If anyone is qualified to comment on issues of race, urban violence, and policing, it is Marilyn Mosby. Born to an unmarried high school junior in the gritty Dorchester neighborhood of south Boston, she was raised alongside her younger brother and sister in a house full of cops: Her grandfather was on the force, as was her mother, as was her uncle next door. “It gives me perspective,” she says. “I know the majority of police officers are outstanding, dedicated, loyal public servants, just like my family.” The house she grew up in, nicknamed the Police House, was a boisterous place, where Marilyn’s grandparents would host competitive karaoke nights around the family pool. “The entire community would come,” she says, “which is annoying when it’s 4:00 a.m. and you’re trying to study.”

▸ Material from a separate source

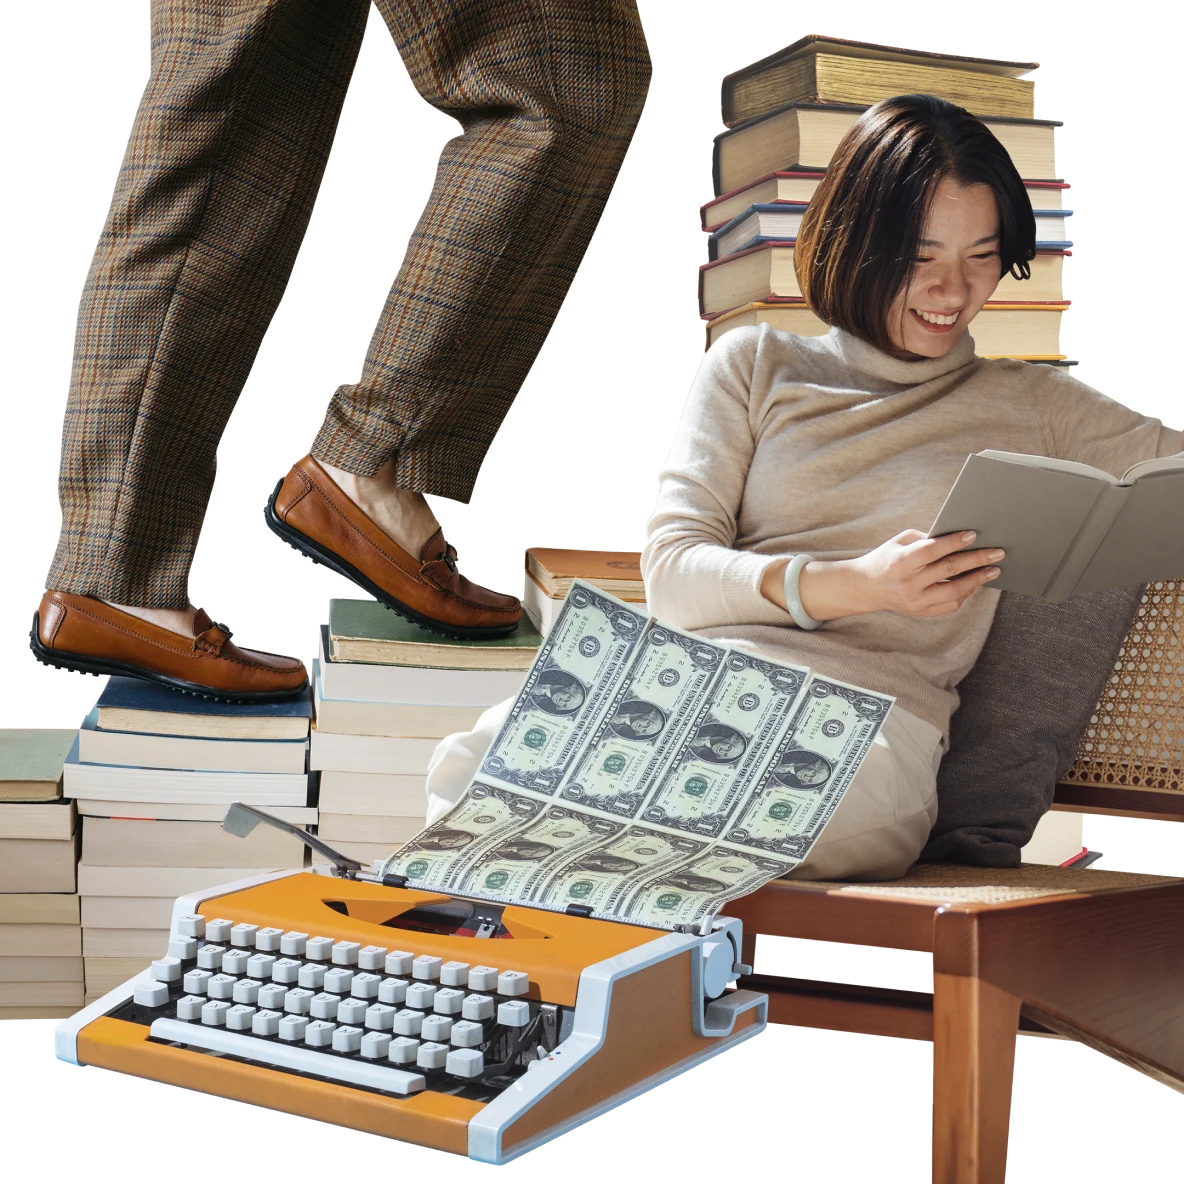 Eine Collage mit Gegenständen zum Thema Finanzen. Eine ostasiatische Frau in einem beigen Kleid auf der rechten Seide lächelt und liest in einem Notizbuch. Links steigen Beine in einer karierten Hose einen Bücherstapel hinauf. Im Vordergrund eine orangefarbene Schreibmaschine mit weißen Tasten, aus der Geldscheine gedruckt werden.
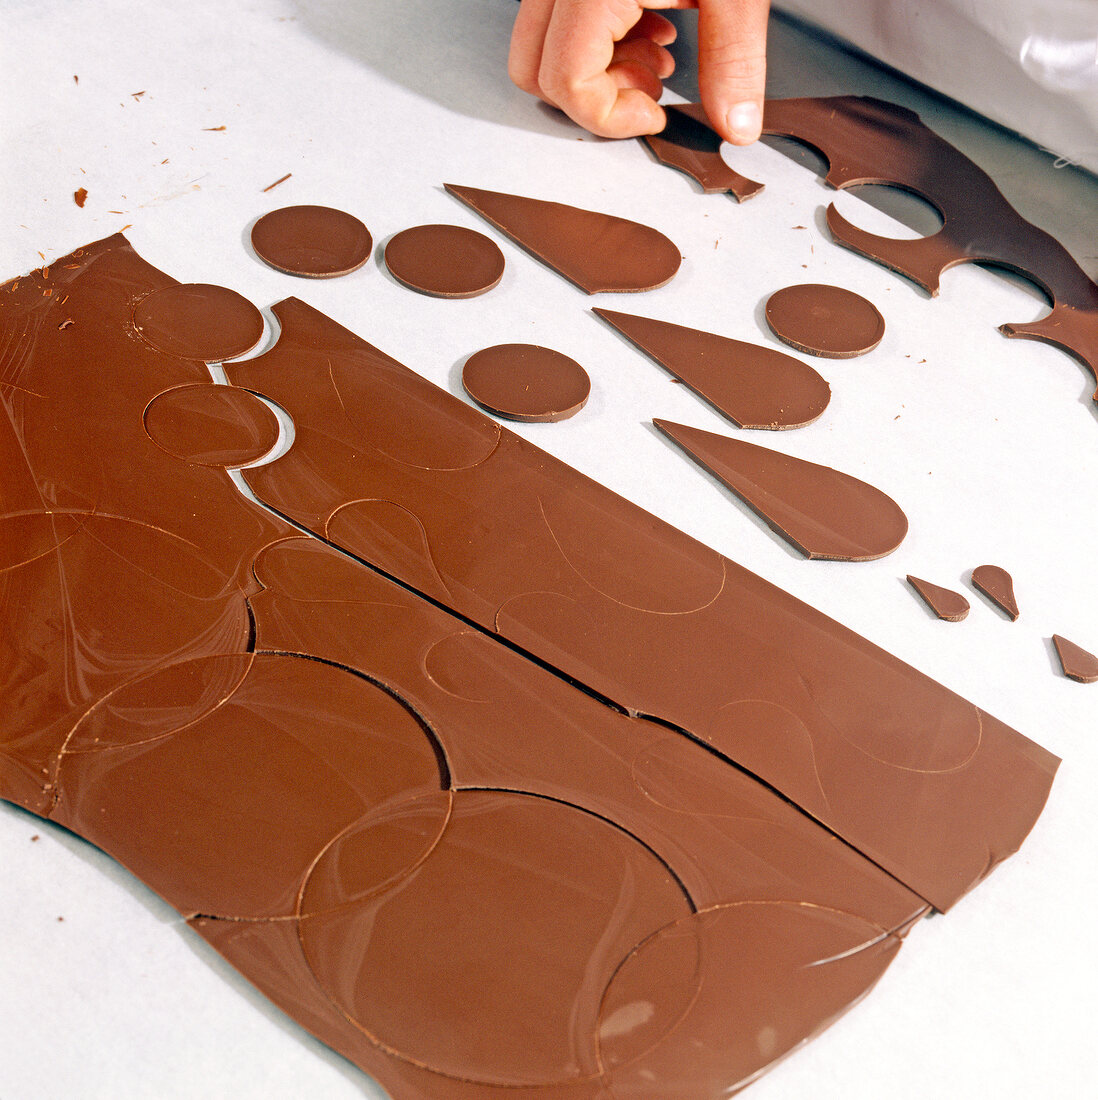 Buch der Schokolade, Kuvertüre Step2: Schokoformen vom Papier lösen

Her mother, Linda, describes Marilyn as “a determined little girl. When she was a baby, I had to rock her to sleep to a specific song, Michael Jackson’s ‘Rock with You.’ ” Linda enrolled her daughter in a desegregation program that bused Marilyn an hour away to one of the top schools in the state, where she was at first the only Black student. “She soared through the curriculum,” remembers Monique Marshall Veale, an administrator who became a mentor to Marilyn. “I can still hear her voice in the halls in eighth grade. She challenged anything that didn’t feel right or sound right.” Then, the summer before ninth grade, Marilyn experienced a tragedy at home. Her seventeen-year-old cousin Diron Spence was shot and killed just steps from her house when, she says, he was mistaken for a local drug dealer. As Mosby describes Diron lying in the street, emotion catches in her voice. “We were raised like brother and sister, and both wanted to be first-generation college graduates.” The trauma of that scene has never left her.